__Work order__
Reproduce the whole listing word for word. Leave every image out.

__Given material__
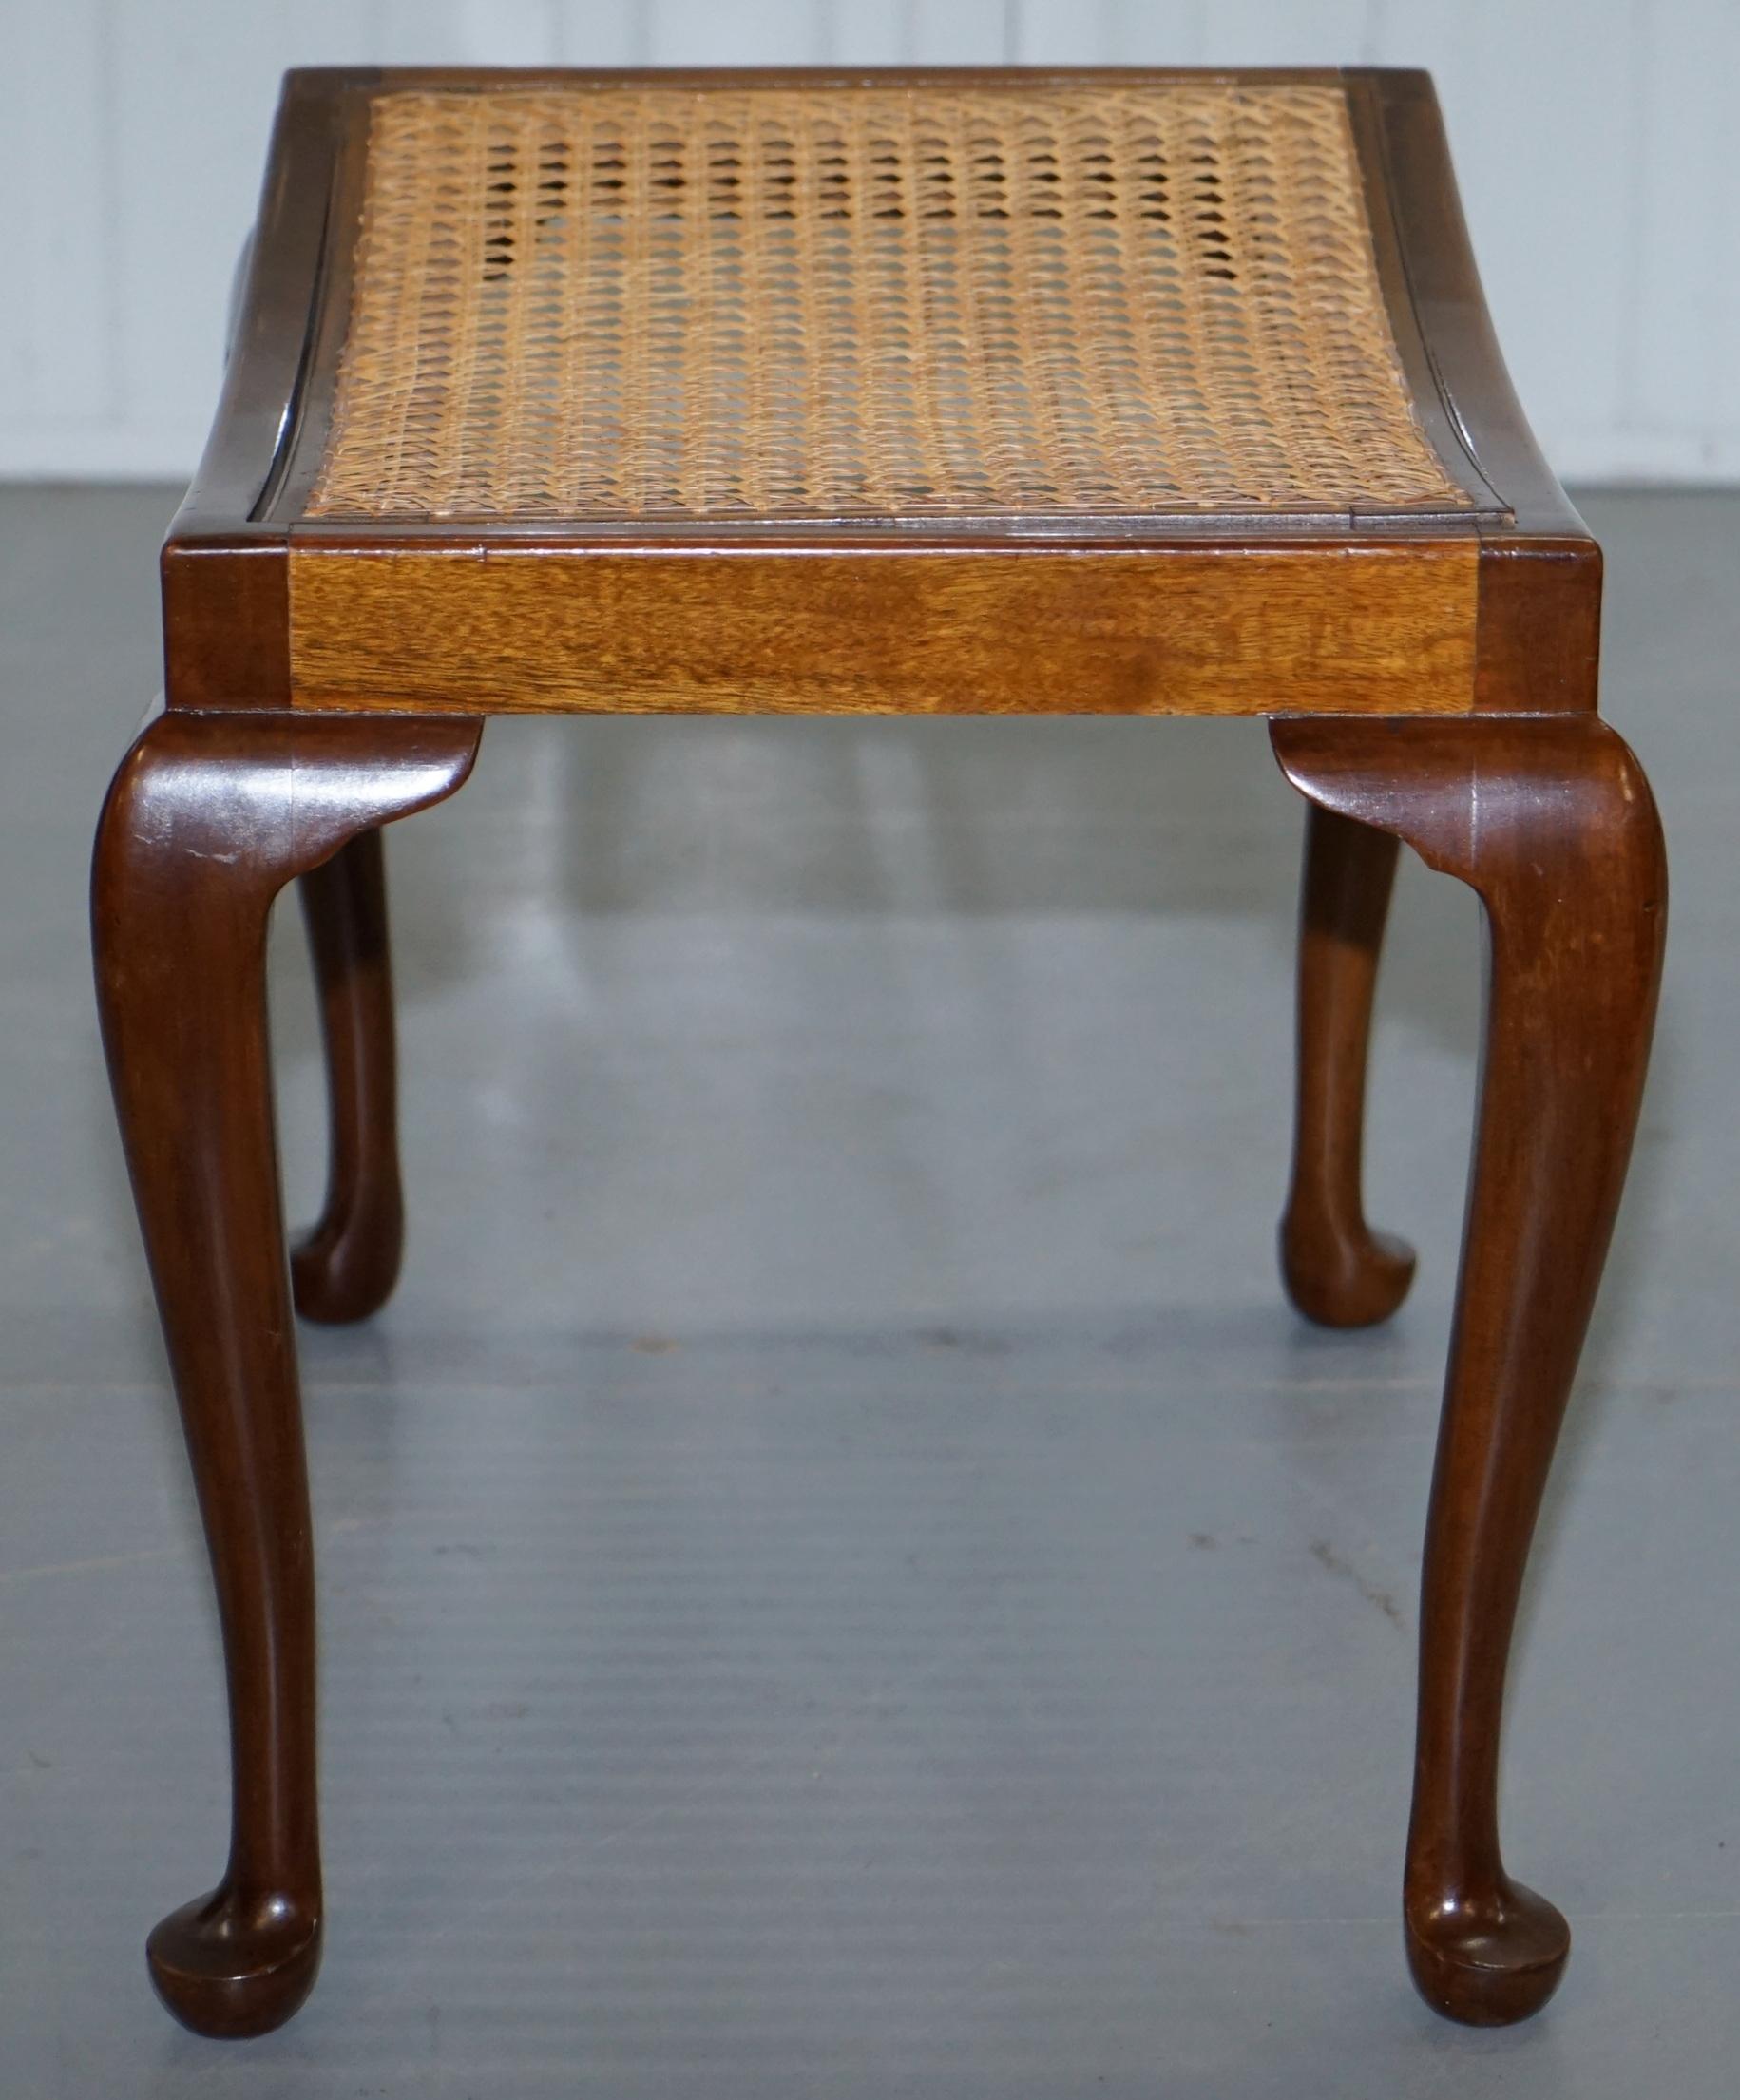 Lovely Vintage circa 1940s Rattan Berger Bench Stool Seat with Cabriolet Legs 6
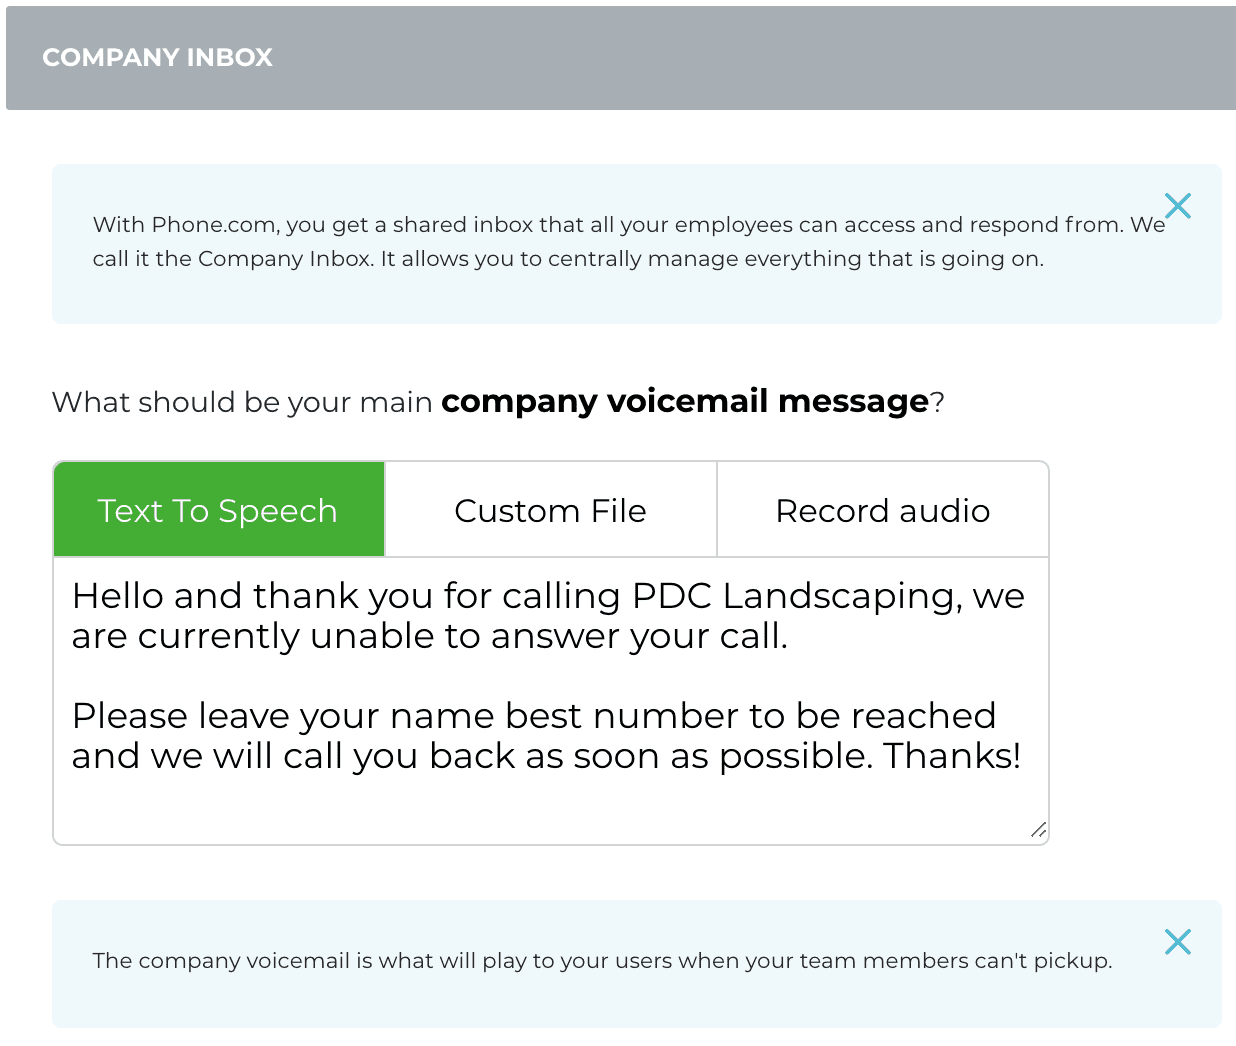 Three ways to set up your voicemail greeting for the company inbox via Phone.com.
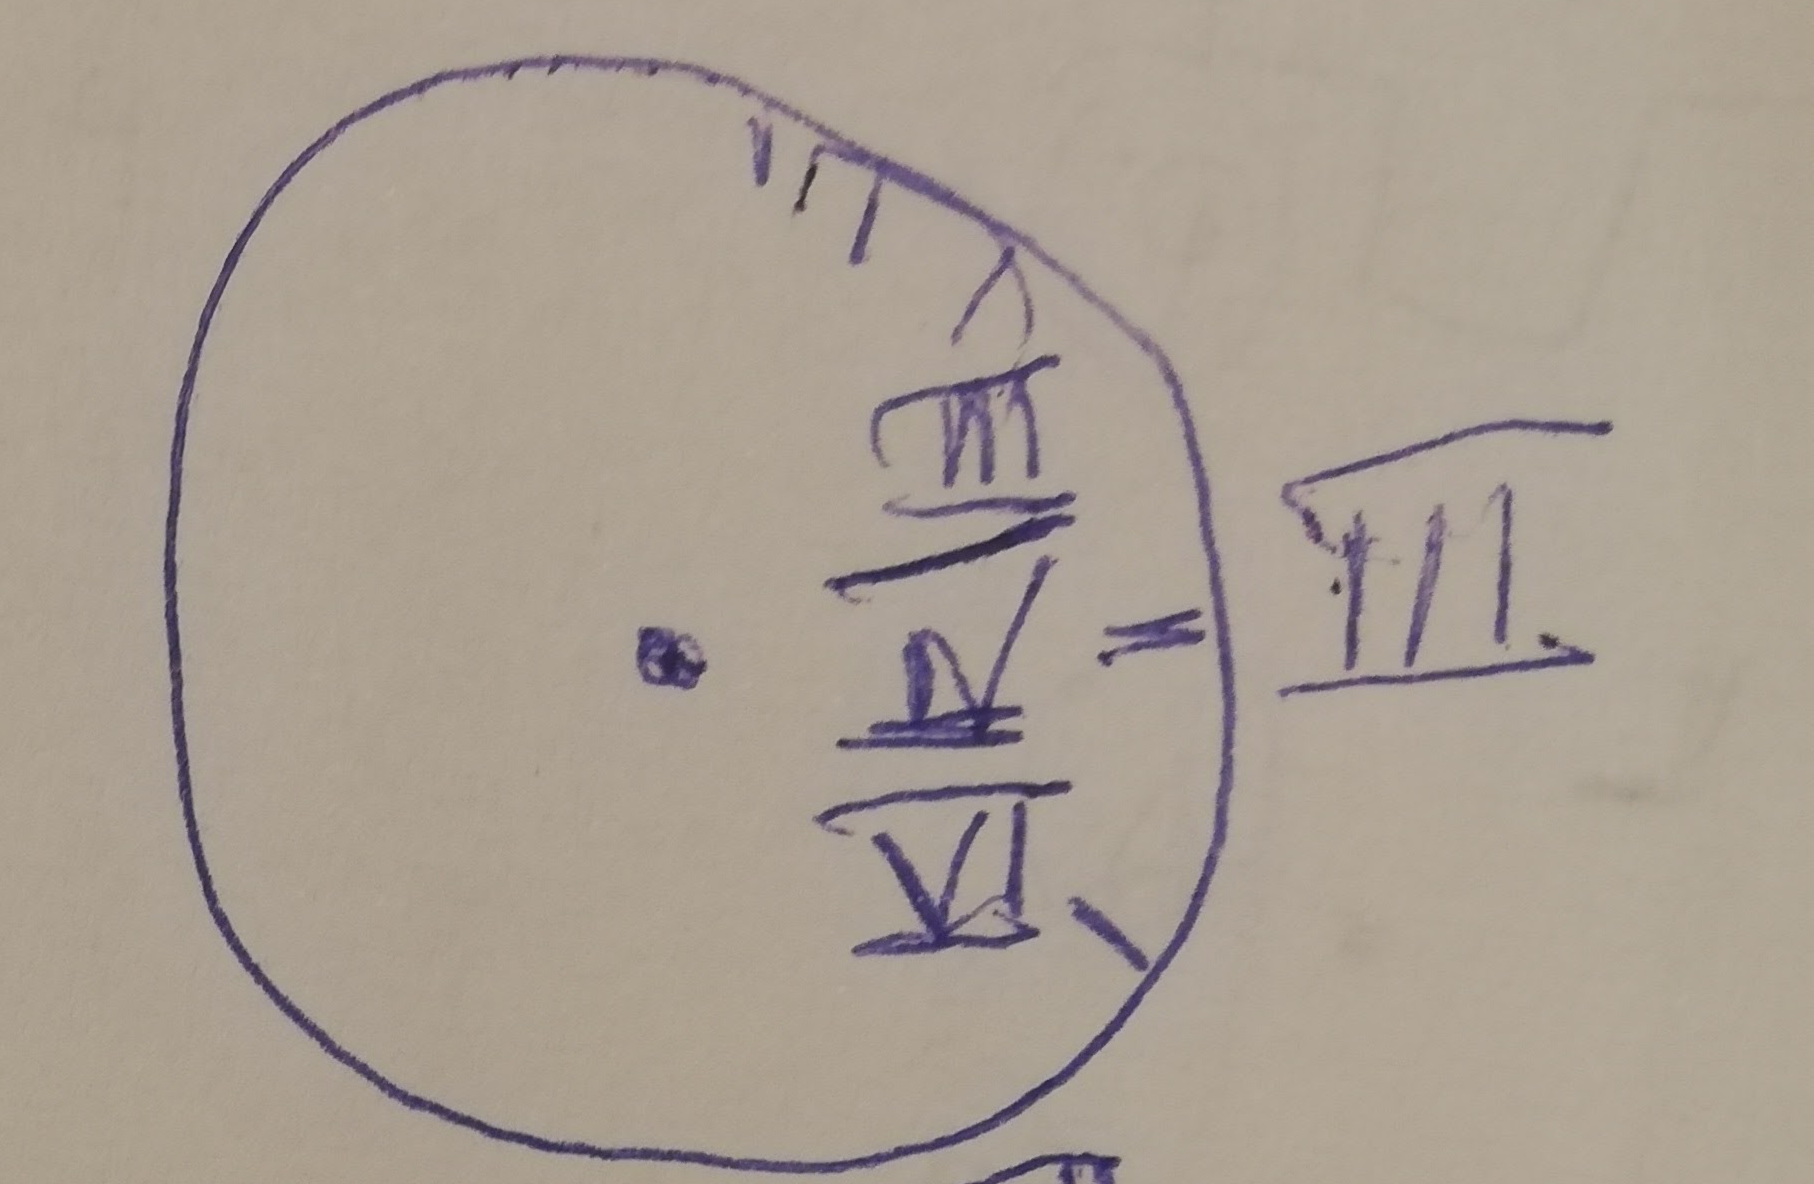 When I tried to draw a clock, I only drew its right side

__Output for this task__
 Lovely Vintage circa 1940s Rattan Berger Bench Stool Seat with Cabriolet Legs 6
 Three ways to set up your voicemail greeting for the company inbox via Phone.com.
 When I tried to draw a clock, I only drew its right side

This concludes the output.